It’s going to be a bad opinion when the judge brings up Pandora’s Box at the beginning of the
opinion and titles the last section of the opinion “This Is The End.”
On June 25, 2019, the Bankruptcy Court for the Southern District of Florida, in a 172-page opinion (including attachments), suspended an attorney from practice for two years before the Bankruptcy Court, terminated her CM/ECF privileges, referred the attorney to District Court’s attorney review committee and the Florida Bar with recommendations to disbar, and referred the attorney to the United States attorney for investigation.
The Debtor filed a Chapter 7 bankruptcy. He was represented by the Attorney. Neither the Debtor nor the Attorney attended the 341 meeting.

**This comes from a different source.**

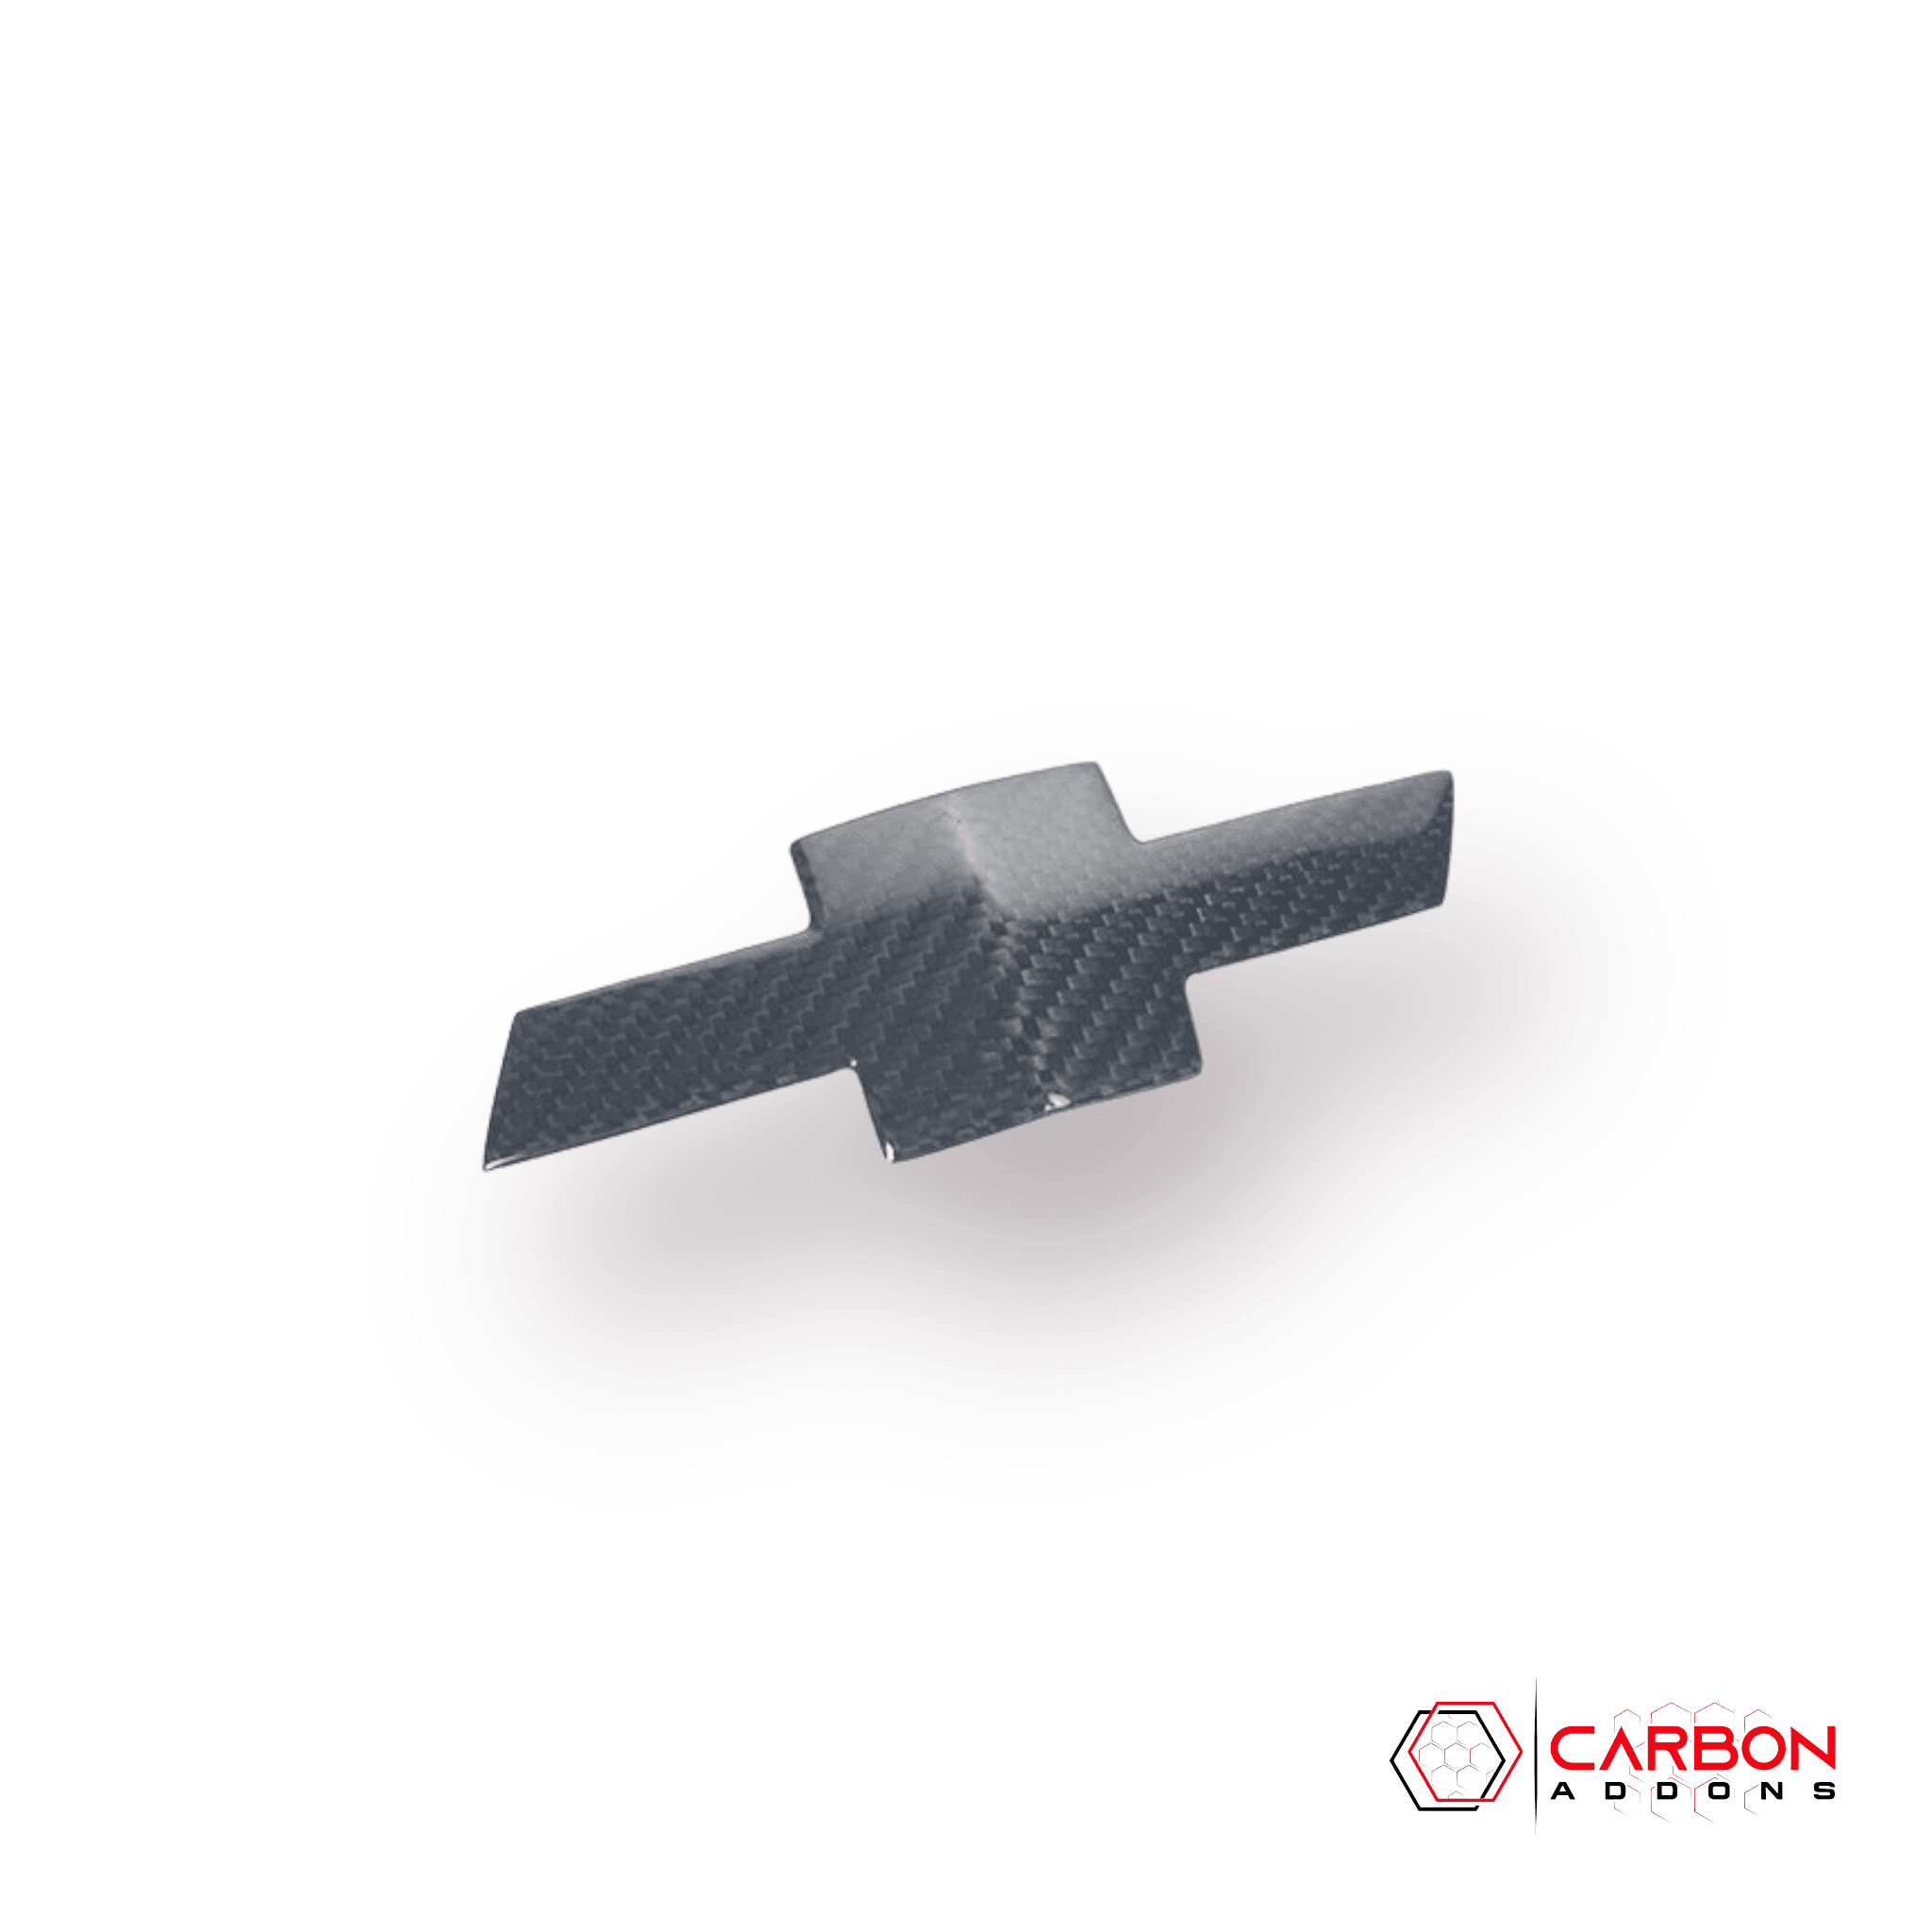 2016-2024 Camaro Carbon Fiber Exterior Bow tie Covers - carbonaddons Carbon Fiber Parts, Accessories, Upgrades, Mods

Subsequently, the trustee filed an adversary objecting to the Debtor’s discharge under 11 U.S.C. § 727(a)(2), (3), and (4). The basis of the Trustee’s complaint was that the Debtor’s schedules indicated virtually no detail, were not consistent with other documents the trustee received (tax returns), and that required information was missing (missing lawsuit). In addition, the Trustee cited the Debtor’s and Attorney’s failure to attend the 341 meeting. When asked by the Trustee, the Attorney said they didn’t plan on proceeding and wanted the case dismissed.
Two days after the adversary was filed, the Attorney moved to withdraw as counsel for the Debtor. The Debtor, now pro se, stated to the Trustee that the schedules were not provided to him before filing and that he did not sign the schedules that were filed.